A Houston-based electric power generator plans to upgrade two coal-fired power plants in southwestern Pennsylvania to remove 207,000 tons of annual sulfur dioxide emissions from the atmosphere.

Reliant Energy, which operates 21 power plants in Pennsylvania, Maryland and New Jersey, plans to install new scrubbers in its Cheswick Generating Station in Springdale and the Keystone Generating Station, which it partially owns, in Indiana County.

The company also will upgrade scrubbers this year at the Elrama plant in Washington County and a power plant it owns in Niles, Ohio.

The new emission control systems, known as "wet flue gas desulfurization systems," will reduce sulfur dioxide by 98 percent of total emissions at Cheswick and Keystone.

They also will cut emissions of nitrogen oxide, or NOX, particulates and mercury, but the size of those reductions has yet to be determined. The company said it's investigating other technologies to reduce smokestack pollution.

Ed Feith, the company's environmental director, said the company will invest $350 million on environmental upgrades at Cheswick and Keystone that will create 1,100 construction jobs. The scrubbers will go into operation in 2009. The new technology will help Reliant Electric comply with federal clean air regulations that take effect in 2010.

"This is part of a strategy for complying with future requirements involving sulfur dioxide, mercury and nitrogen oxide," Mr. Feith said. "It's not mandated by any regulations to add a scrubber, but we're doing that to capture the economic benefits.

"The requirements become more stringent in 2010, so we'll be in compliance," he said.

The plants in question are older ones. Cheswick, which produces 580 megawatts of electric power, went into service in 1970. Keystone, which Reliant owns with six other entities, came online in 1968 and produces 1,700 megawatts.

Elrama was commissioned in the 1950s and produces 465 megawatts, while the Niles plant, which opened in 1954, produces 208 megawatts.

Had the company decided against the upgrades, Mr. Feith said, it would have been forced to buy environmental credits from compliant companies in 2010 to meet federal regulations. But those credits would have been expensive, making the investment in pollution control technology a wise alternative.

"This will be good for the environment, good for us and good for the communities we're in," Mr.
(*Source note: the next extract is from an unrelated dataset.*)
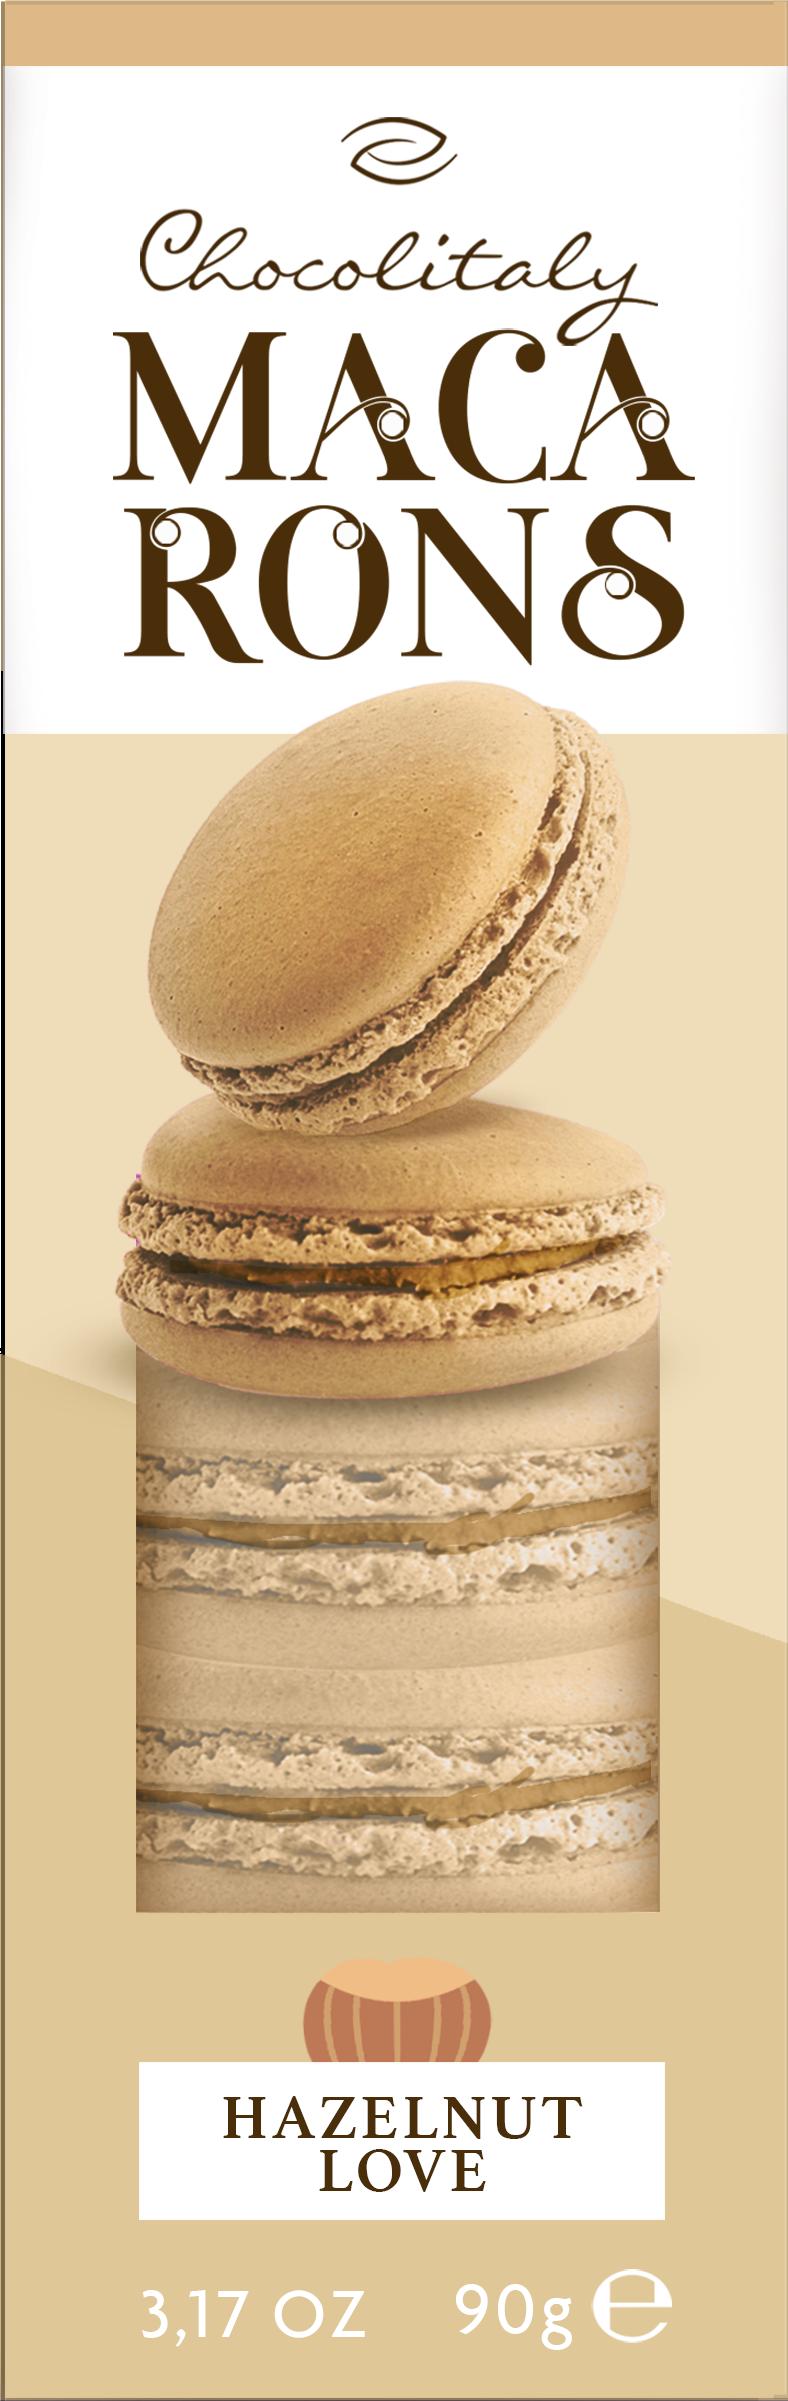 Slika za Macarons od lešnika Chocolitaly 90g

Feith said.

Charles McPhedran, senior attorney with Citizens for Pennsylvania's Future, agreed that the company's action "is a good thing." He said it proves that stricter environmental regulations work to reduce acid rain caused by sulfur dioxide emissions, create jobs and improve the economy.

In past years, local power plants found it cheaper to buy environmental credits from compliant companies rather than reduce emissions. That policy, he said, left Pennsylvania with some of the worst air pollution problems in the nation.

"I'm encouraged by this action, but will it have enough of an effect?" Mr. McPhedran said. "Maybe we'll finally see those acid rain levels nudge downward."